For example, in our dataset, we had a column for apartment type with values like: [ground floor, loft, small house, loft, loft, ground floor]. LabelEncoder would convert this to [3,2,1,2,2,1], implying ground floor > loft > small house. For some algorithms like decision trees, this encoding is fine, but for others like regressions and SVM, it’s not.

In our dataset, apartment condition was encoded as:

• New: 1
• Renovated: 2
• Needs renovation: 3

Apartment quality was encoded as:

• Luxury: 1
• Better than average: 2
• Average: 3
• Simple: 4
• Unknown: 5

Should I standardize variables?
Standardization brings all continuous variables to the same scale. If one variable ranges from 1,000 to 1,000,000 and another from 0.1 to 1, they’ll be on the same scale after standardization.

L1 or L2 methods are common for reducing overfitting and can be used in many regression algorithms. But it’s crucial to standardize features before applying L1 or L2.

Rent is calculated in euros, so the fitted coefficient will be about 100 times larger than if the price was in cents. L1 and L2 penalize larger coefficients, so they penalize features with smaller ranges more. To prevent this, standardize features before applying L1 or L2.

Machine Learning

Once you understand the data well and have cleaned outliers, it’s time to use machine learning. There are many machine learning algorithms available.
We wanted to explore three different algorithms and compare their distinguishing features, like performance and speed. The comparison included gradient boosted trees and their variants (XGBoost and LightGBM), Random Forest and its variants (FR and scikit-learn), and 3-layer neural networks (NN and TensorFlow). We chose RMSLE as the evaluation metric.

The comparison showed that XGBoost and LightGBM perform almost identically. Random Forest’s performance was lower, while NN was the worst.

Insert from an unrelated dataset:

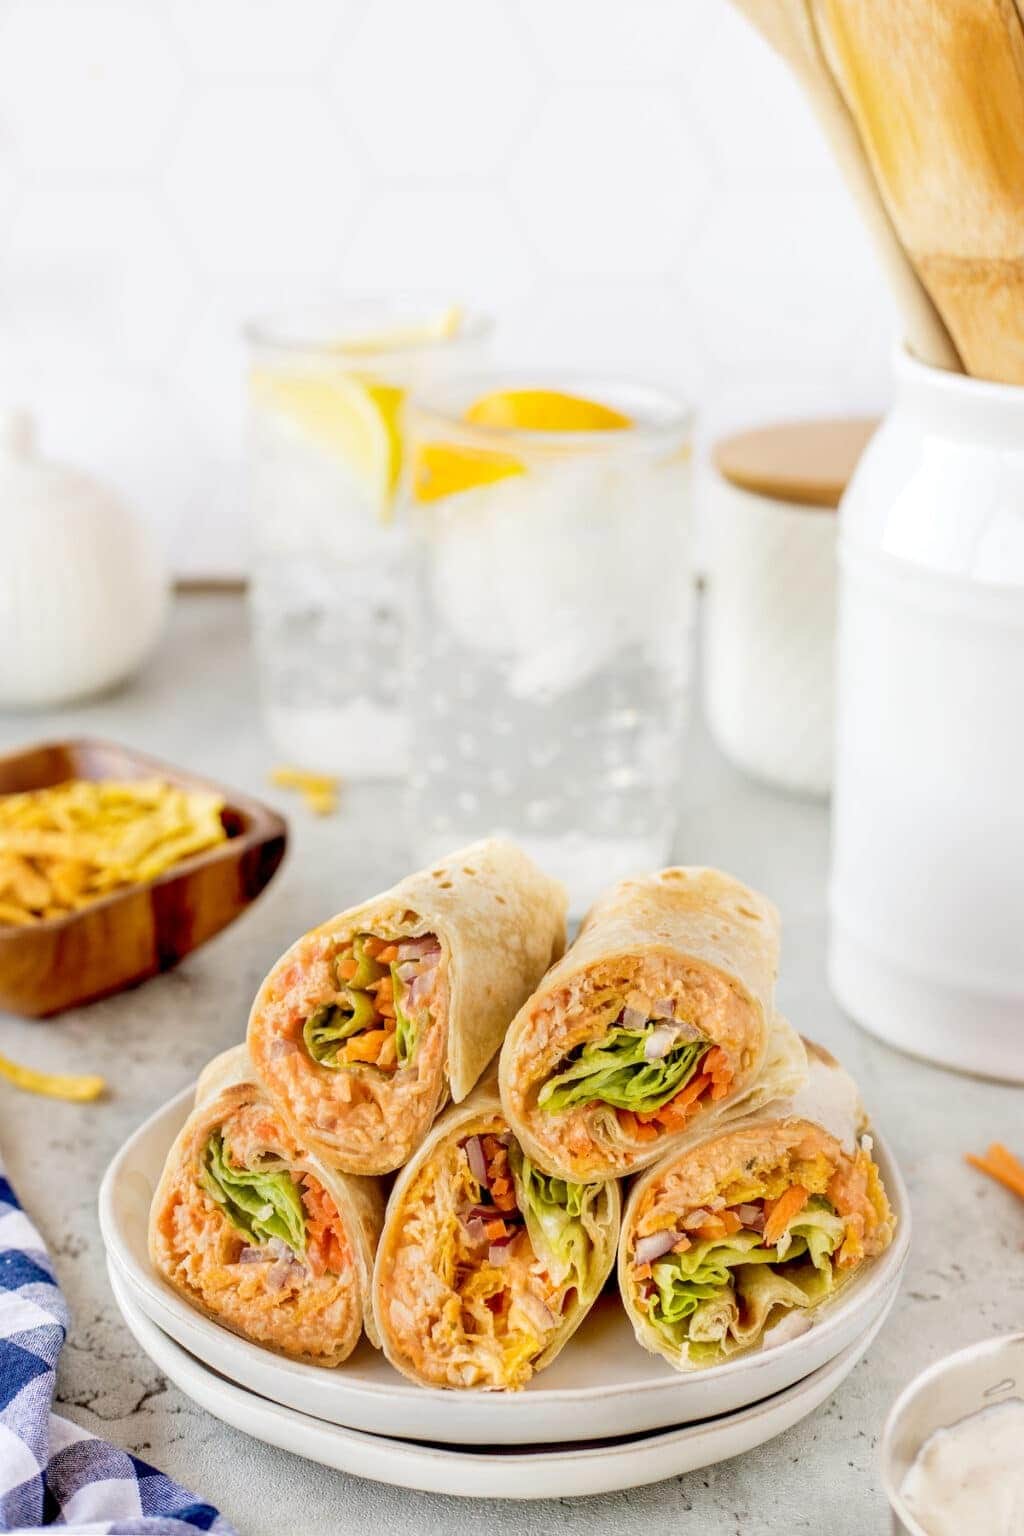 Homemade Buffalo Chicken Wraps with ranch dressing. carrots and lettuce

Decision tree-based algorithms are great for interpreting features, as they can show the importance of each factor.

The Key Feature: Identifying Factors Controlling Rent Prices

After applying a decision tree model, you can identify the factors that control or predict prices.
Feature importance provides a score indicating how much each feature contributes to building decision trees inside the model. One way to compute this is by counting the number of times a feature is used to split data across all trees. There are different ways to compute it.

For Berlin apartment rents, it’s no surprise that total area is the most influential factor. Interestingly, some features engineered using external APIs were also important.

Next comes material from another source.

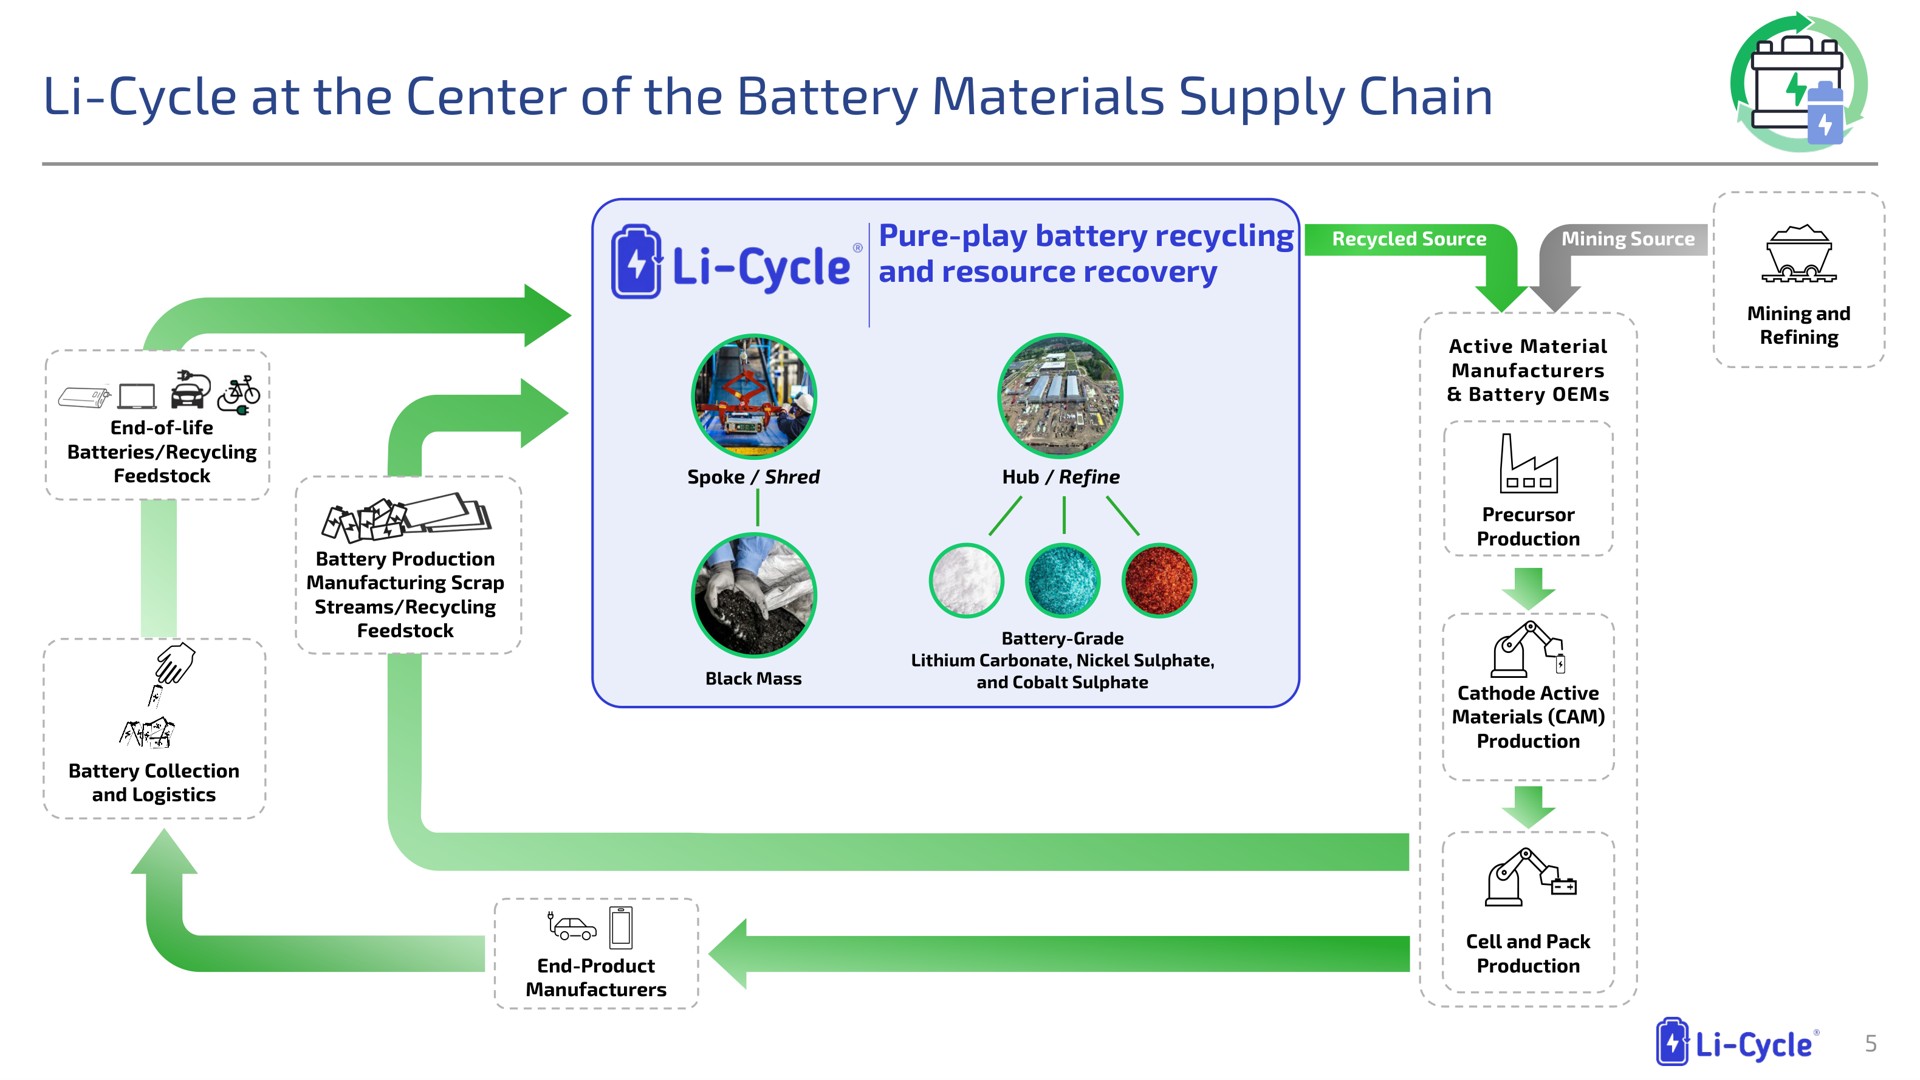 cycle at the center of the battery materials supply chain | Li-Cycle

The rent price analysis results looked like this:

We were also interested in the impact of the following factors:

• Travel time to the nearest metro station
• Number of stations within 1 km

Travel time to the nearest metro station
For some apartments, a high value for this factor indicates a higher price. That’s because these apartments are in very wealthy residential areas outside Berlin.

One can also see that the proximity to a metro station has two effects: it can both lower and increase the price of some apartments. This may be because apartments too close to a metro station may suffer from noise or vibrations, but on the other hand, they are very well connected to public transport.

Number of stations within 1 km

Similarly, more metro stations within 1 km generally means higher rent, but it can also add noise.

Combining the Results

After using different models and comparing their performance, you can now combine the results of each model and create an ensemble.
Bagging is a machine learning ensemble model that uses predictions from several algorithms to calculate the overall final prediction. It is designed to prevent overfitting and reduce algorithm variance

Since we already had predictions from the algorithms above, we combined all four models in every possible way and selected the best seven single and ensemble models according to RMSLE for the validation set.
You can also create a weighted ensemble where you give more weight to the model you prefer.

In fact, you will not know which ensemble works best without trying.

Stacked Models

Averaging or weighted averaging are not the only ways to combine different prediction models. Data scientists also use stacked models.
Conclusion and Final Notes

• Listen to what people around you talk about; their complaints can be a good starting point for a big data analysis project.
• Let people extract their own insights by providing interactive dashboards.
• Don’t limit yourself to common methods and algorithms. Try to find additional data sources and explanations.
• Try ensemble and stacked models—they can greatly improve performance.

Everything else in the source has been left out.